### RECORDS FOR THIS TASK
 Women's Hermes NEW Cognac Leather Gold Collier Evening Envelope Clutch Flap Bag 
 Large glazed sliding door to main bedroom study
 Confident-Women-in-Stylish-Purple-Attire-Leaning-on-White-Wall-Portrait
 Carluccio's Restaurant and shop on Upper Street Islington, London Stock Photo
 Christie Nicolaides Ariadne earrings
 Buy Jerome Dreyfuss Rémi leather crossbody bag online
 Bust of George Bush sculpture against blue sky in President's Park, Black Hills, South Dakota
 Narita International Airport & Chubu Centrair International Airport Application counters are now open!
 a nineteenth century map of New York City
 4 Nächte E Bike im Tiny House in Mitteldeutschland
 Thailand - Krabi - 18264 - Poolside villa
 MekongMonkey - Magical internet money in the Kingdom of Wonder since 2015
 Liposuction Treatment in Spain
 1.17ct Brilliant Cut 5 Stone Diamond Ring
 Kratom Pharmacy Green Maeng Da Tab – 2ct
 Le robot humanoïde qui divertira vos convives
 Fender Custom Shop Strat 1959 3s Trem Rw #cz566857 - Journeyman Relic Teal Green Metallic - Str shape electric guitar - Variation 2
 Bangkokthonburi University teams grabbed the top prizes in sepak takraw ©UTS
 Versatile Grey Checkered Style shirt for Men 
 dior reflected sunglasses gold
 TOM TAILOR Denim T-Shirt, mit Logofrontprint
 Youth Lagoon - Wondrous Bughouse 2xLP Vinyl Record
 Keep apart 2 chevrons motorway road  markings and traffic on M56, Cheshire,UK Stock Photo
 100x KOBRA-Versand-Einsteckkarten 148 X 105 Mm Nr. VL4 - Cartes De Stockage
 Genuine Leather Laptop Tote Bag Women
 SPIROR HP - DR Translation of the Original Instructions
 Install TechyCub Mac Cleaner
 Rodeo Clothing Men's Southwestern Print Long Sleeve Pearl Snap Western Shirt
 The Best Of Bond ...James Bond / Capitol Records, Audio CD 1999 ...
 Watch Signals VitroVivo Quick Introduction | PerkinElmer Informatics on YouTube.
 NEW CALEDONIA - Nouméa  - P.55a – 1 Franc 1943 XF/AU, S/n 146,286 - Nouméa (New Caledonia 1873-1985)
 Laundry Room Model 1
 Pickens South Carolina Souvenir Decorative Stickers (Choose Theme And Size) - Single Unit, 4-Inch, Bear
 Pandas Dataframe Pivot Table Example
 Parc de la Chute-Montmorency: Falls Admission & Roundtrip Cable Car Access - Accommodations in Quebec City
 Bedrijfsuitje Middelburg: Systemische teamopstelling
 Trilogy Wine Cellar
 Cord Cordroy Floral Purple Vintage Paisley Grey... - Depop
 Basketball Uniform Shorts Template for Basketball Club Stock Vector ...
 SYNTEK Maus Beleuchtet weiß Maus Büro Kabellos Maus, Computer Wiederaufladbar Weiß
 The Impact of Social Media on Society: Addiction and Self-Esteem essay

### EXERCISE OBJECTIVE
Restate exactly, and only, every line from the one that contains "Pandas Dataframe Pivot Table Example" through the last line of the records.

### WRITTEN ANSWER
 Pandas Dataframe Pivot Table Example
 Parc de la Chute-Montmorency: Falls Admission & Roundtrip Cable Car Access - Accommodations in Quebec City
 Bedrijfsuitje Middelburg: Systemische teamopstelling
 Trilogy Wine Cellar
 Cord Cordroy Floral Purple Vintage Paisley Grey... - Depop
 Basketball Uniform Shorts Template for Basketball Club Stock Vector ...
 SYNTEK Maus Beleuchtet weiß Maus Büro Kabellos Maus, Computer Wiederaufladbar Weiß
 The Impact of Social Media on Society: Addiction and Self-Esteem essay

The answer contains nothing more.